The big problem is that this is almost impossible if devices are being unmounted without using DSBMD. If DSBMD interaction is guaranteed the protocol can be modified by implementing a `will_unmount` event and a `lock` and `unlock` command.

Best regards,
Marcel


----------



## obsigna (Feb 22, 2018)

mrclksr, thank you very much for looking into this.

I thought already that this might be very difficult without touching devd and the unmount mechanism by the kernel. My actual workaround, i.e. deleting the /.Trash-<UID> on the next mount of a media, is not that bad. And anyway, all this only ment to be a workaround for I am not being able to get x11-fm/nautilus to treat the Trash Can properly on FreeBSD.


----------



## mrclksr (Aug 12, 2018)

*DSBMD-1.4 released!*

*Changes since 1.3:*

Support for bootable USB drives with ISO-9660 has been added. Thanks to jmp-2.
Support for nvd(4) and uzip memory disks has been added.
Detach md(4) devices when they are ejected.
Open listening socket before scanning attached devices, so that clients can connect even if DSBMD is busy with slow devices.
Ignore the deprecated [FONT=Courier New]large[/FONT] mount option for [FONT=Courier New]msdosfs[/FONT] on FreeBSD >= 12. This is necessary for users upgrading their system to FreeBSD 12 without adjusting dsbmd.conf. Thanks to Samy Mahmoudi for pointing this out.


----------



## mrclksr (Sep 4, 2018)

*DSBMD-1.5 released!*
*Changes:*

The [FONT=Courier New]mdattach[/FONT] command has been added which creates a memory disk device (md(4)) from a given disk image. This allows users of DSBMC >= 0.5 to easily access them.


----------



## tankist02 (Sep 5, 2018)

What are the differences between this and automount and autofs? Which one should I use and why?


----------



## mrclksr (Sep 6, 2018)

Hi tankist02,



tankist02 said:


> What are the differences between this and automount and autofs?
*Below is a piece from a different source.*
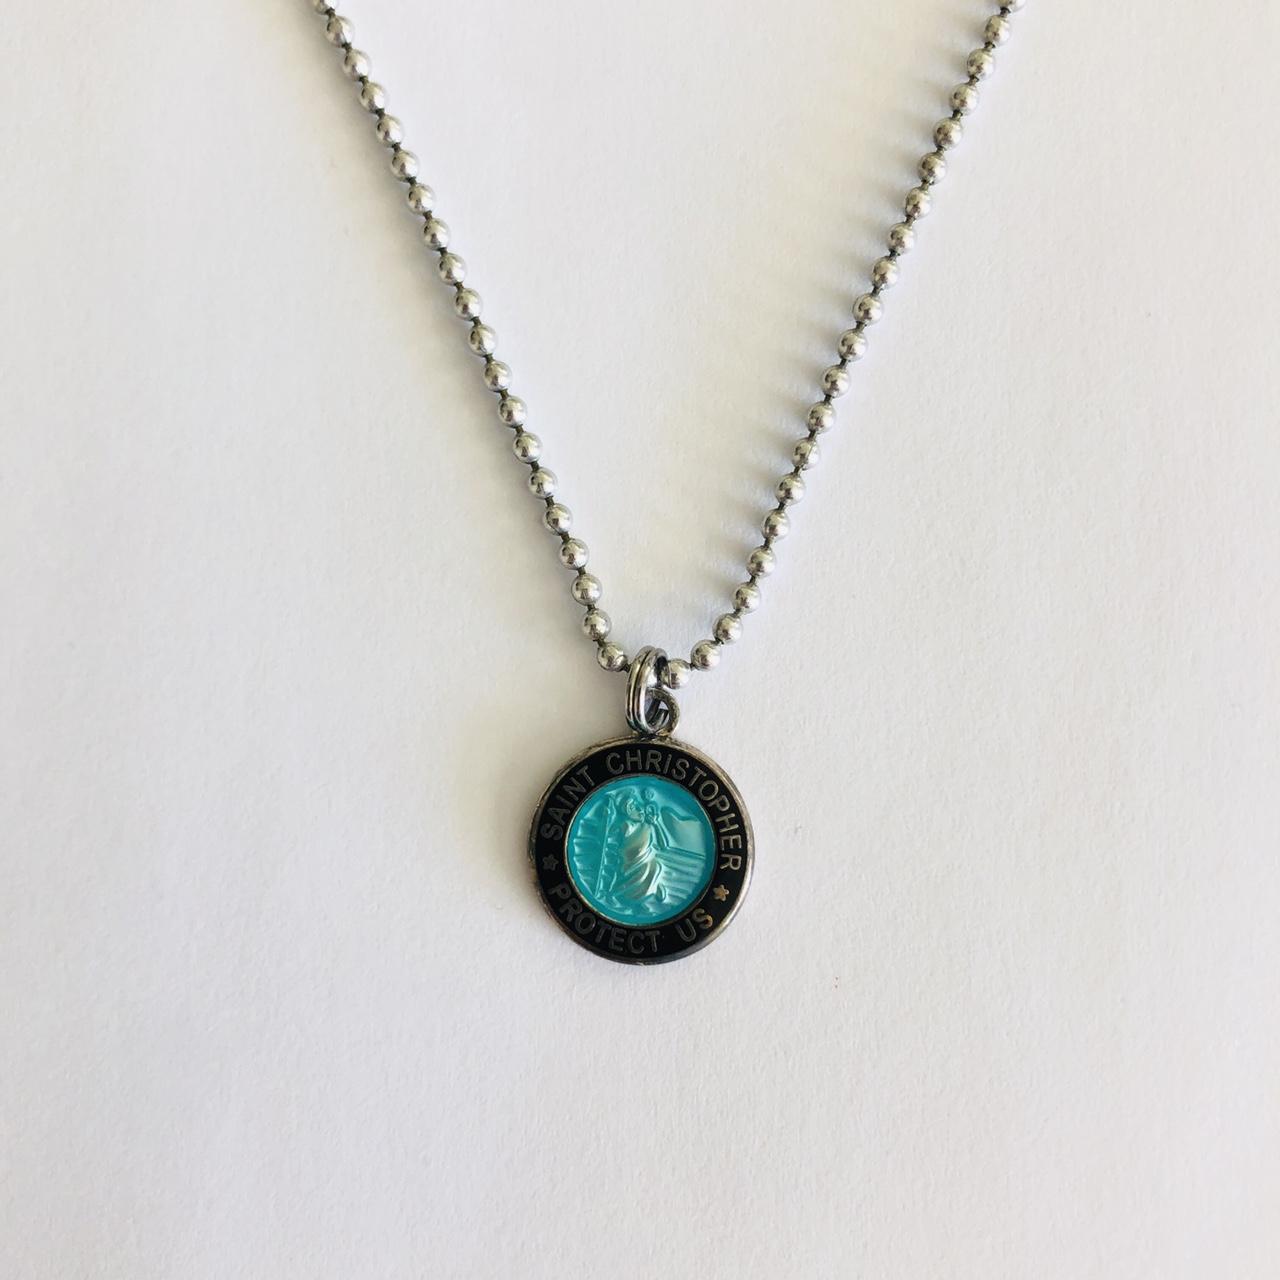 The Classic Surfer Necklace // St. Christopher Surf Medals – Get Back  Necklaces

I have no experience with autofs/automount(d), so please correct me if I'm wrong:

The autofs/automountd approach is modular, and requires a little bit more configuration. Basically, you have a /media directory under which mountpoints are created. If you plug in a storage device and access /media, a new mountpoint is created, and the device gets mounted on /media/disklabel. autofs/automountd supports NFS, which DSBMD does not.
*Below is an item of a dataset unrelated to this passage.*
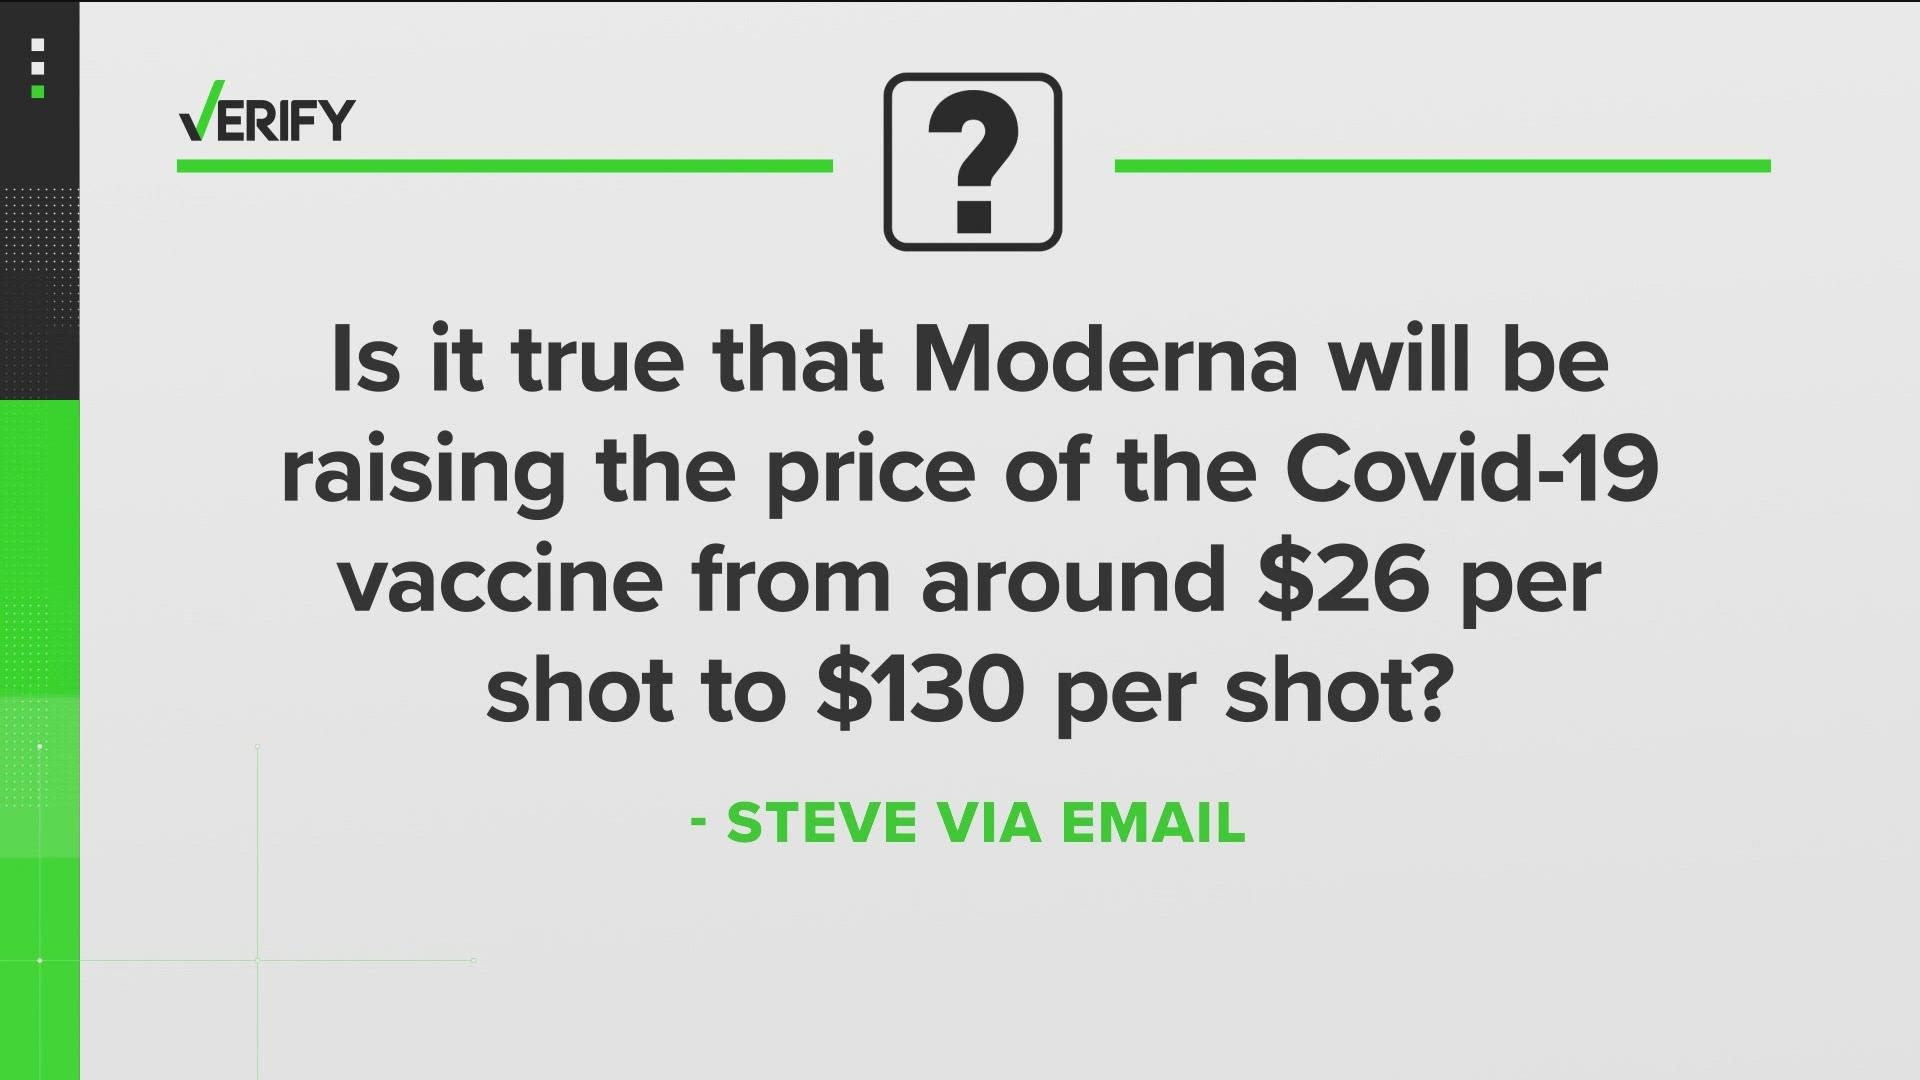 The government-paid COVID-19 vaccines may soon runout, which has some concerned about future commercial prices. KVUE's Erica Proffer set out to find answers.

The DSBMD approach is monolithic, with a simple configuration file, and should work out-of-the-box. It also takes care to load the necessary kernel modules, and makes sure to change the ownership of the mounted devices depending on the user. Unlike autofs/automount(d) DSBMD needs a client to tell it what the user wants.



tankist02 said:


> Which one should I use and why?


I suggest to try both, and see what fits your needs better. For autofs/automountd see ILUXA's Thread autofs-share-your-experience.61251. If you're trying DSBMD with DSBMC and/or DSBMC-Cli, feedback is always welcome


----------



## Ogis (Dec 24, 2018)

Hello. First of all, I would like to sincerely thank the developers of this program for their ingeniously simple and functional product that makes life easier for newcomers (and not only). I installed this program today. And here's my impression. External usb-hdd automounted without problems. Same with my Android mobile phone.


----------



## rsronin (Dec 30, 2018)

A big thank you to mrclksr (now on the forum)! Without your programs my FreeBSD ride would be even more bumpier.


----------



## mrclksr (Dec 31, 2018)

Thank you, Ogis and rsronin, for your kind comments. It's great to read that someone likes what I do. There have been times I was about to quit, but feedback like yours keeps me working on projects like this. I appreciate that.


----------



## elimelech007 (Mar 17, 2019)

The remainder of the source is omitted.